Tu ne diras plus de nôtre frère Nordine et sa femme Malika : ils
survivent courageusement à la perte de Rafik leur fils unique ainsi que
de leur petit-fils Mahdi. Tu ne diras plus, mon pauvre frère. Tu ne
diras plus je suis fière de Sara ma fille qui poursuit brillamment ses
études en Italie. Fière de mon fils Habib qui est devenu un homme. Tu ne
diras plus à Nazim ton neveu, viens à la maison, je t’ai caché du
chocolat. Tu ne seras plus là, le mois de Ramadan pour lui concocter de
bons plats et le gâter comme d’habitude.
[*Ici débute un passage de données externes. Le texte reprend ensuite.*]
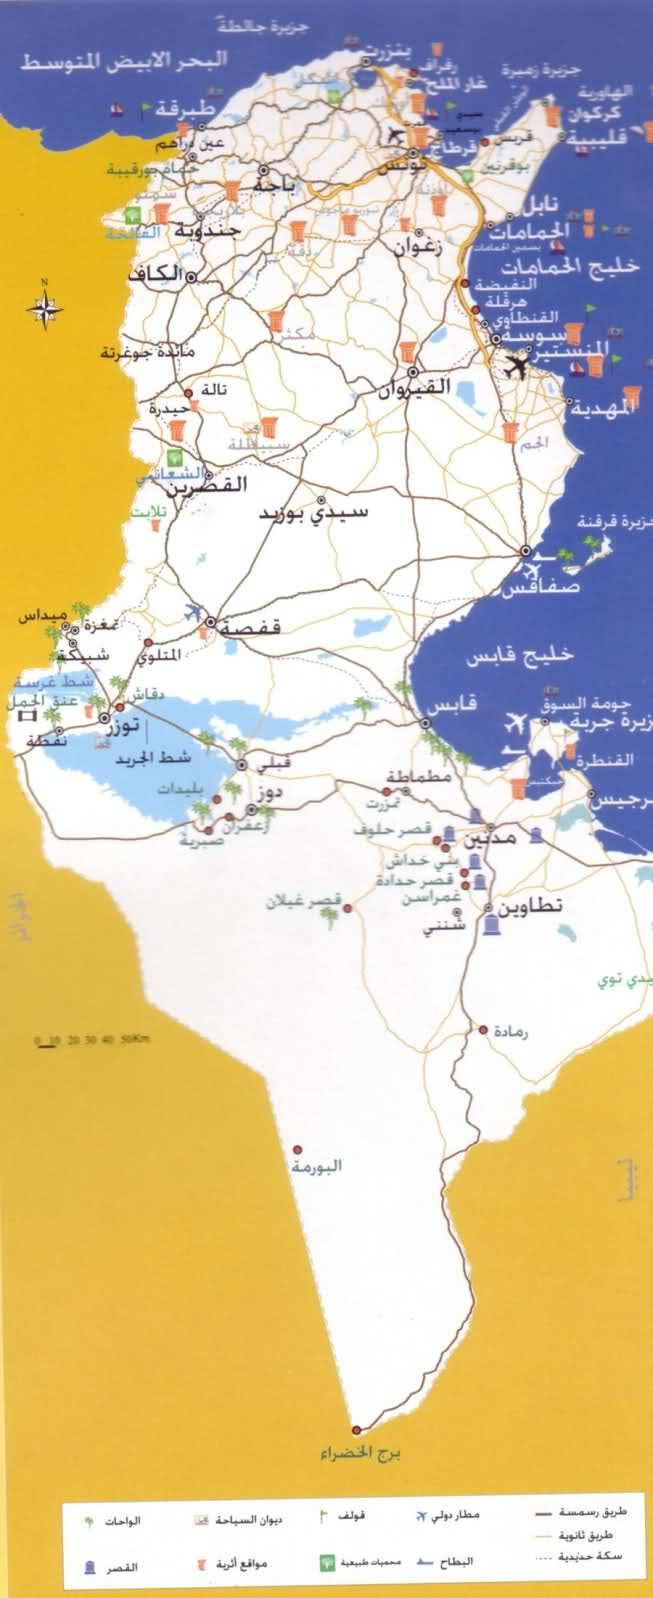 Tunisia.Map.2.jpg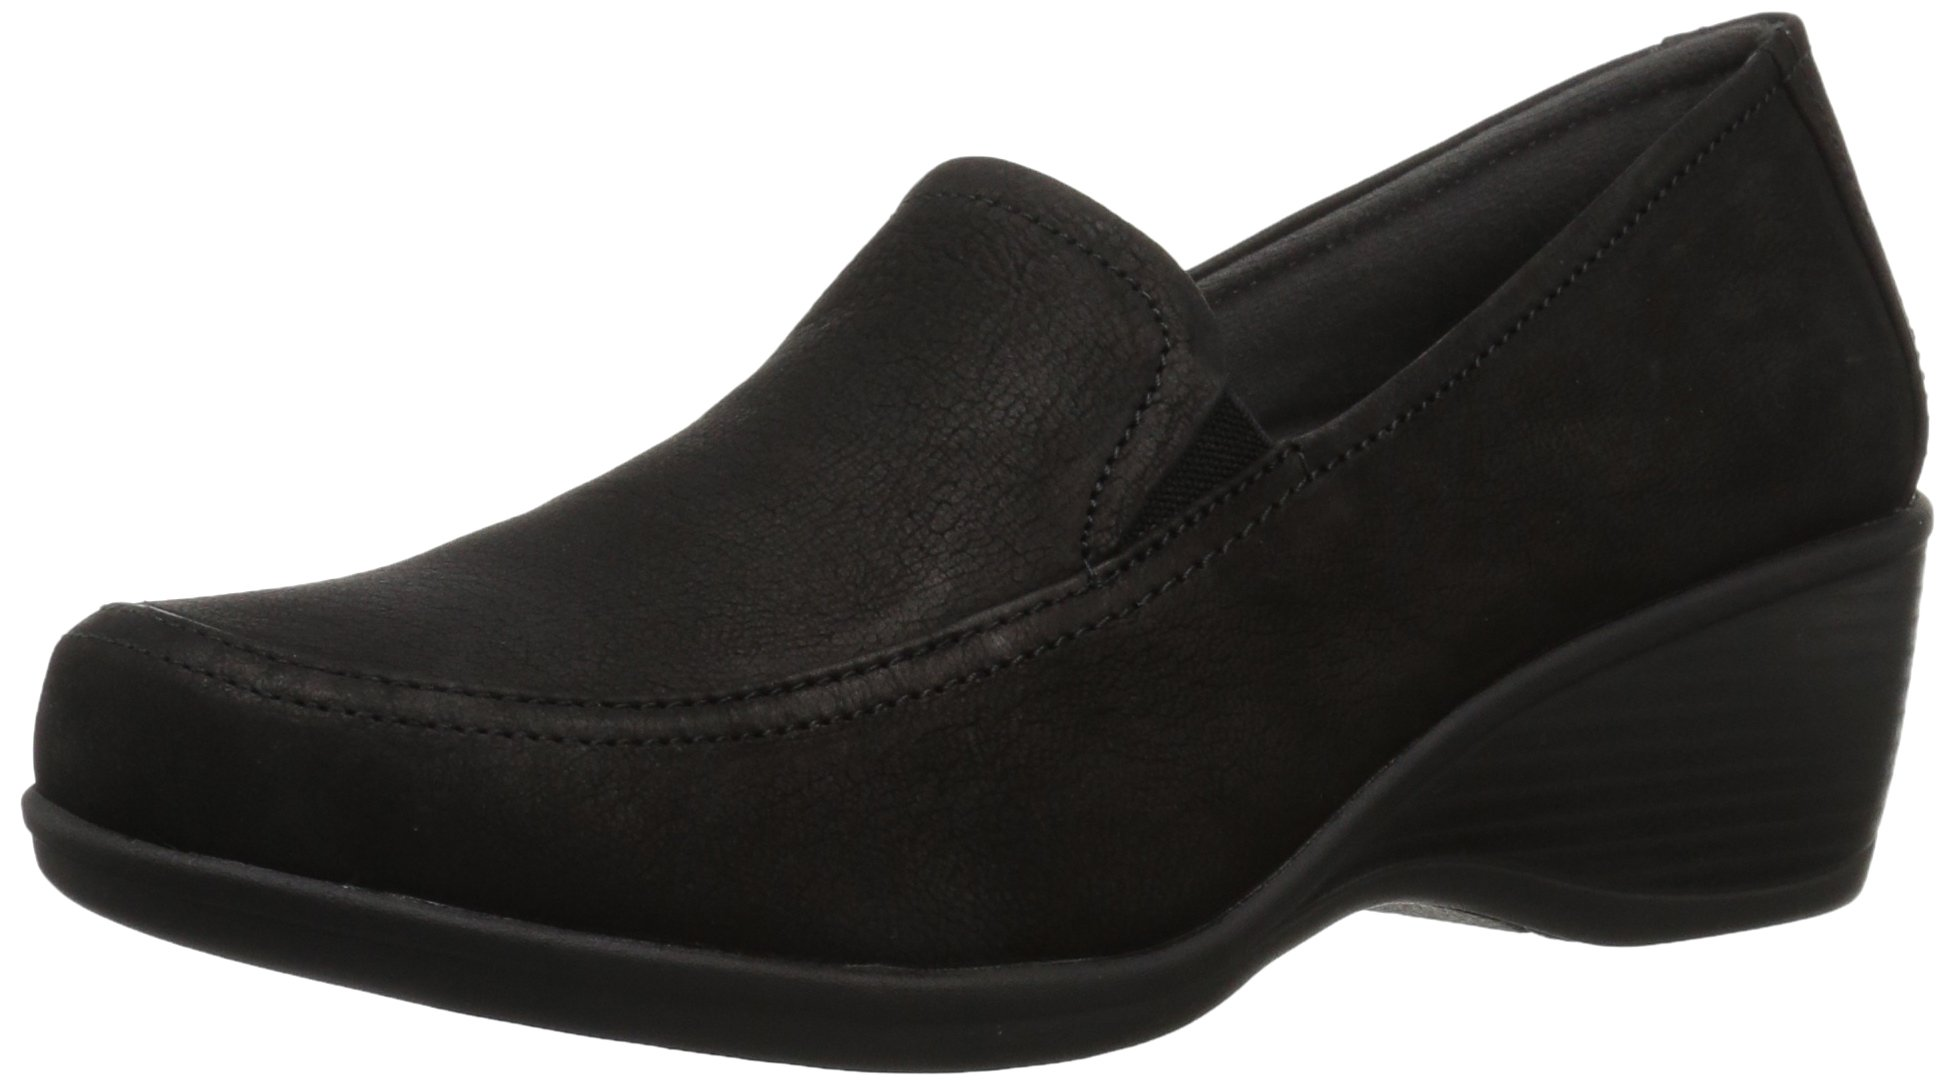 Eastland Women's Cora Slip-On Wedge, Black, 7 Medium US

Tu ne diras plus à Tarik ton
neveu, je sais que je peux compter sur toi, pour mes papiers et autres
choses .Tu ne lui diras plus de laisser Lilya sa femme chez toi quand il
travaillait tard, car tu t’inquiétais pour eux ! Anissa, Souad Kara,
Souad de Constantine, Louisa de Tam, Hlima d’Oran, Imène et sa sœur,
Fadéla et j’en passe…. te pleurent. Leur douleur épouse la nôtre. Tu
étais, à toi toute seule, le ministère de la solidarité. Tu étais sur
tous les fronts dès qu’il s’agissait d’aide aux autres ! Ta maison était
un havre de paix : toujours ouverte à ceux qui en avaient besoin. Chère
sœur. Tu te rappelles Assia, je l’appelais «le Hall de Transit». Quand
je débarquais chez toi venant de Bougie, j’ouvrais sans bruit (tu
donnais tes clefs à tous) sachant qu’il y avait chaque fois du monde qui
dormait, et ton couloir jonché de bagages ! Habib et Sara étaient aussi
hospitaliers que toi, leurs amis remplissaient joyeusement les lieux
tant ils se sentaient à l’aise devant ta gentillesse. Assia ma sœur,
deux affreuses semaines sont passées sans toi. Ta mémoire a été honorée
par ta famille sportive. Des tournois ont eu lieu te rendant hommage. Le
dernier, organisé par ton association, nous donna l’occasion d’entendre
Monsieur le Ministre de la Jeunesse et des Sports faire un vibrant et
émouvant éloge à ton égard. J’aurais aimé que tu fusses présente lors de
ces manifestations, que tu assistes à l’émotion de Chergui quand il a lu
la Fatiha en ta mémoire, de celle de Achour qui te respecte tant.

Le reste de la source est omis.